This looks like fun with encoding.
It looks like you use cmd.exe and then you use puts as well in that.
Watir doesn't parse html the way you see it with 'view source' it gets
runtime data from IE process (well, a big simplification on my part here)

Let's say I have a test.html page with title test and an html character
copyright as & copy; (or $ #169) somehere in html source (I put space
between & and copy so it will not be interpreted at runtime as "(c)" )
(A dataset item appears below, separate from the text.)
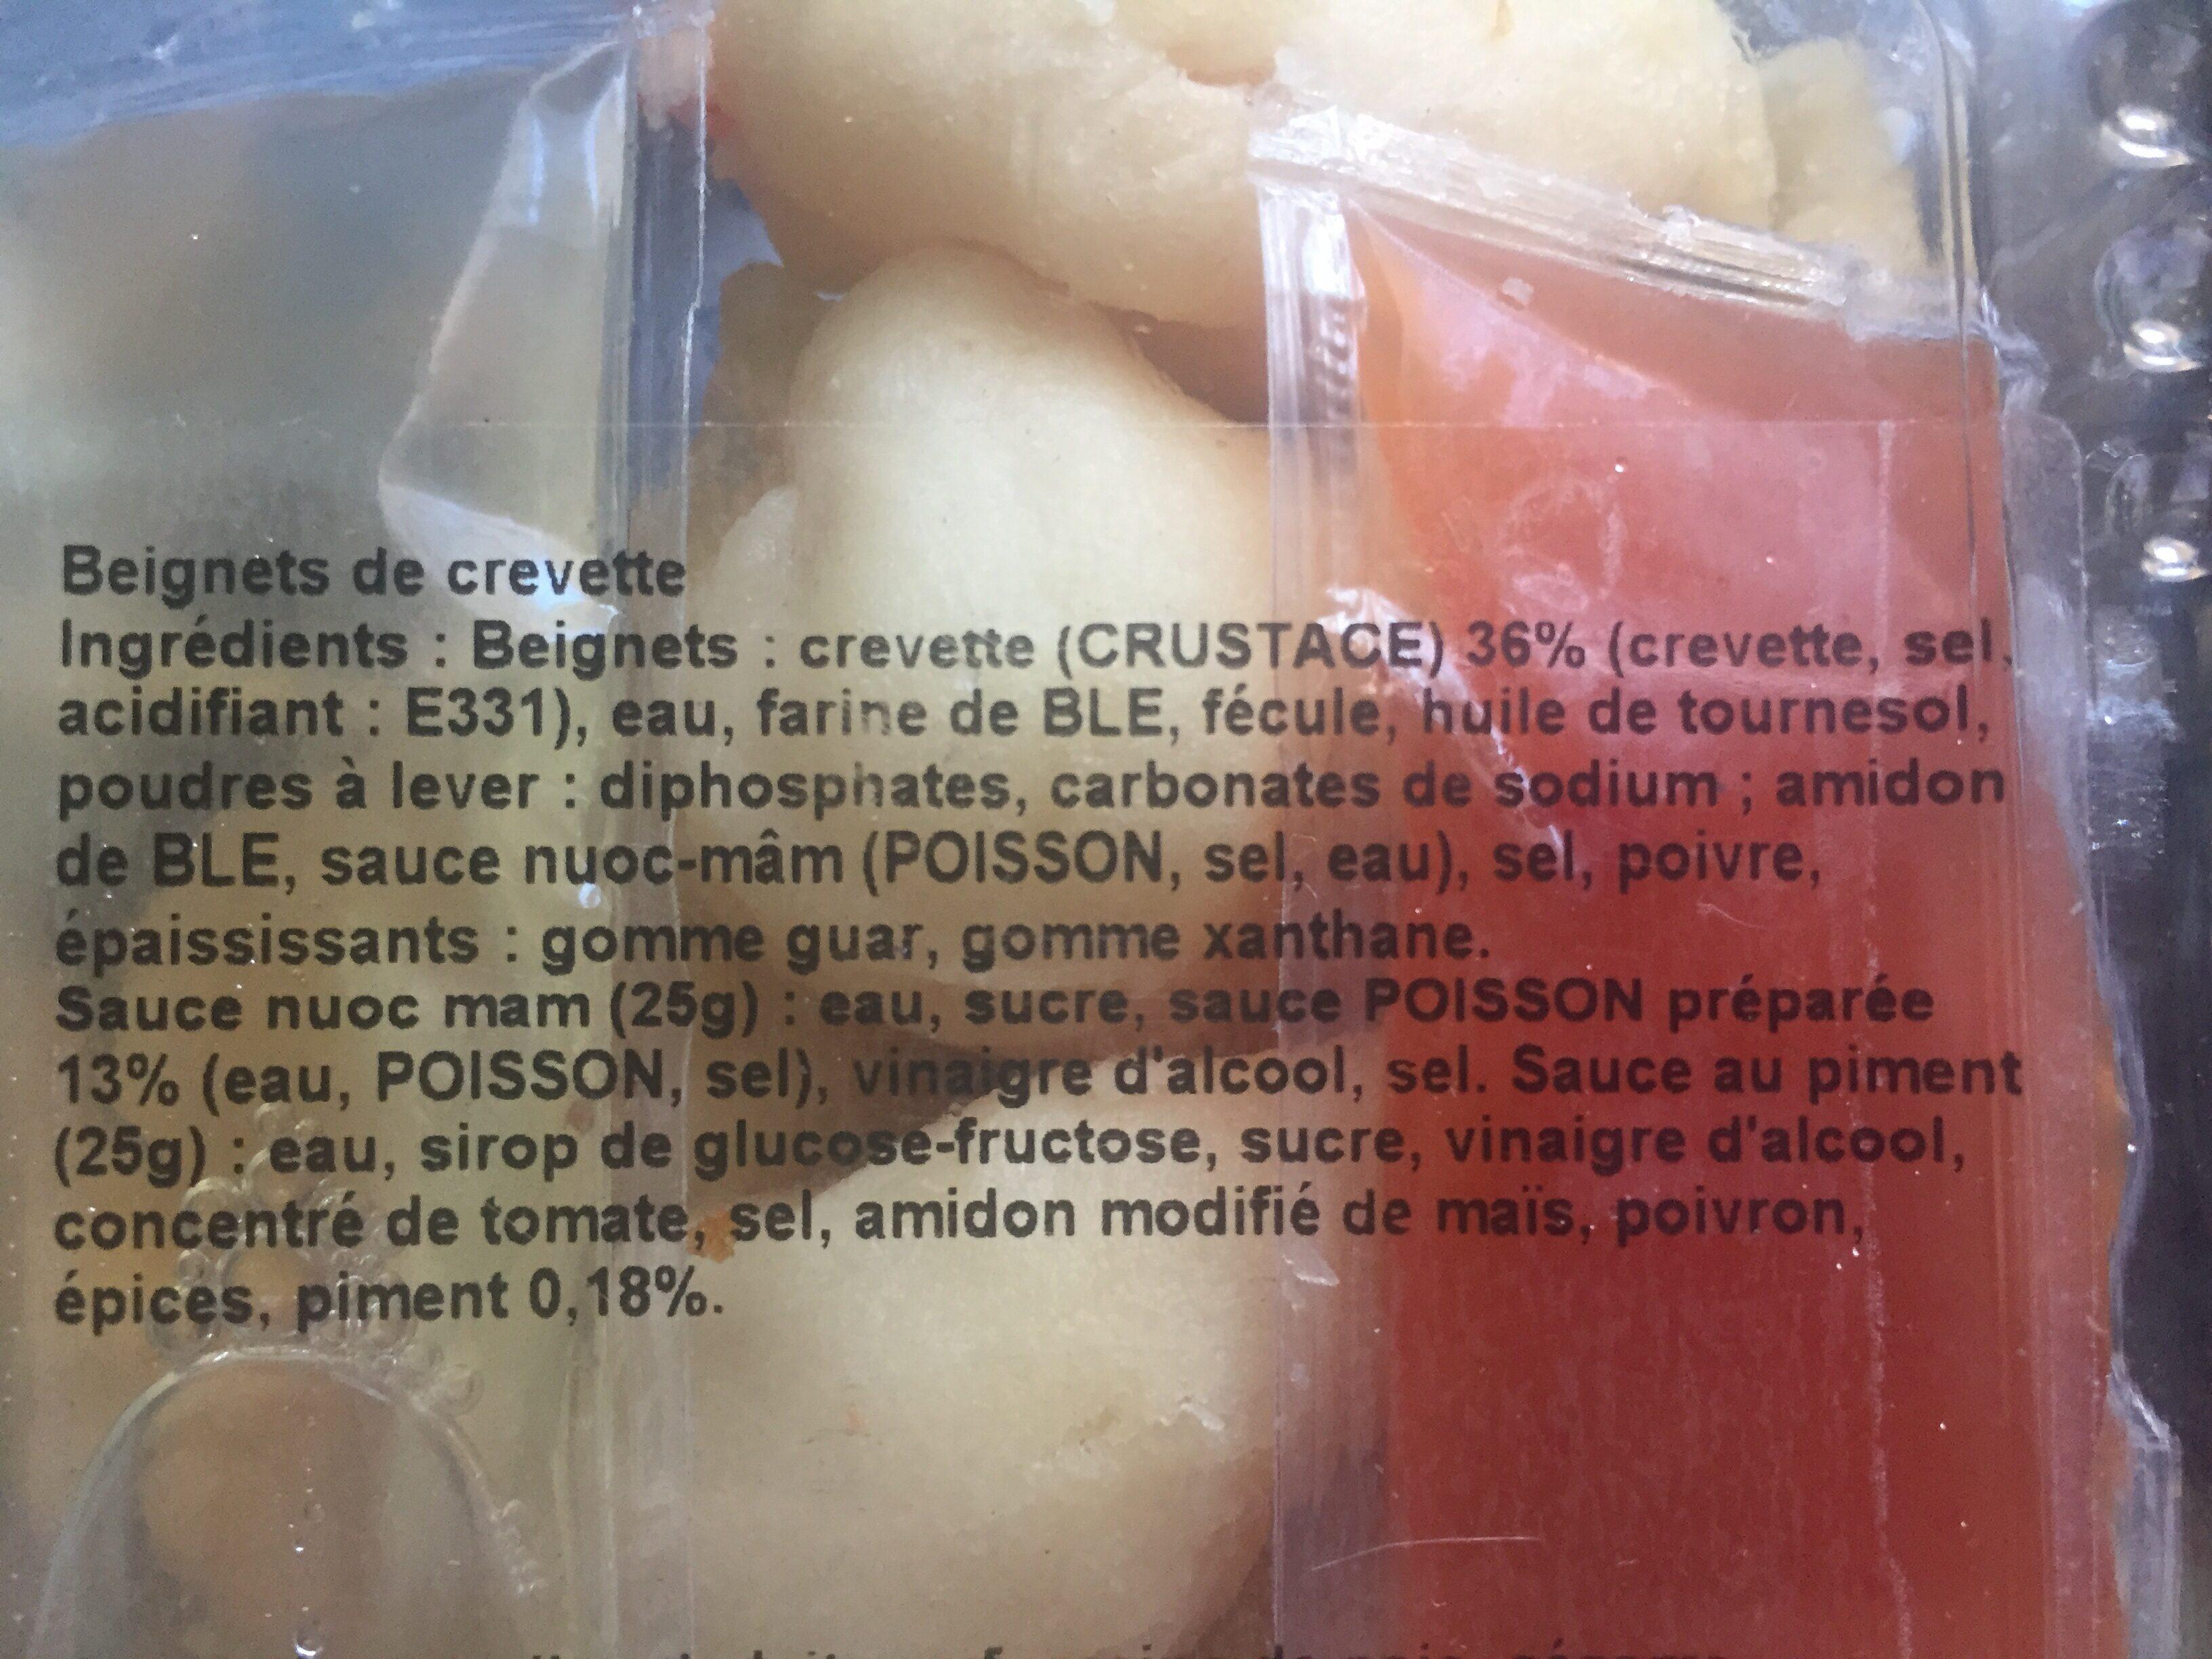 200G Beignet Crevette + Sauce - Ingredients

if I open cmd.exe and open irb and do this:

irb(main):001:0> require 'watir'
=> true
irb(main):002:0> ie = Watir::IE.attach(:title, "test")
irb(main):005:0> ie.text
=> "test\251"

I get a translation of html entity into latin octal representaiton '\251'
(hex is \xA9 and unicode \u00A9)

however if I do this:
irb(main):009:0> puts ie.text
test⌐
=> nil

I get garbage - (you get ? marks) - puts returns something and then windows
cmd does something with it. so somewhere there are some translations from
html entitiy to latin etc... etc...
The short version is: I would basically stick with html entities assertions
as octal representations (or hex)

Zeljko's name shows on my machine sometimes as '?eljko' because of the
encodings translations along the way email travels and whatever encoding is
set on my machine. My polish last name gets the same treatment. I have 2 non
latin chars in my last name so sometimes it arives with ?? marks.

Paul suggested to use the actual entity in the assertion. I tried it and it
doesn't work for me. I get false.

If i run the test as a scirpt (not from irb)
<pre>
ie = Watir::IE.attach(:title, "test")
$KCODE = 'u'
puts ie.text
puts "(c)"
puts 'found by octal' if ie.text.include?("\251")
puts "found by hex" if ie.text.include?("\xA9")
puts "found by unicode" if ie.text.include?("\u00A9")
puts "foudn by entity" if ie.text.include?("(c)")
puts "found by html char set copy" if ie.text.include?("&copy;")
puts "found by html char set 169" if ie.text.include?("&#169;")
</pre>

I get this:
test⌐ ⌐
©
found by octal
found by hex




marekj



On 7/13/07, jhe <[EMAIL PROTECTED]> wrote:

 I use "puts $ie.text" to print html document in the windows command
prompt, finding that it return "?" instead of "\251".

In fact, when I view the source in IE, it displays "&copy;"



Now, it seems that the difference is that your $ie.text will return
"\251", but my $ie.text only return "?", is it caused by ruby version?



I use Ruby-185-21, Watir-1.5.1.1192, and IE 6.

 Regards,

Jason
 ------------------------------

*From:* [EMAIL PROTECTED] [mailto:[EMAIL PROTECTED]
*On Behalf Of *?eljko Filipin
*Sent:* 2007年 7月12 日 17:51
*To:* wtr-general@rubyforge.org
*Subject:* Re: [Wtr-general] How to deal with the copyrihgt symbol



Strange, it works for me.

Ok, let's see where the problem is. Navigate to page that has only &copy;
as it's text.
ie.text returns "\251"

ie.text
=> "\251"

ie.text.include ?("\251") returns true

ie.text.include?("\251")
=> true

Am I missing something?

I have Ruby 1.8.6, Watir 1.5.1.1192 and IE 6.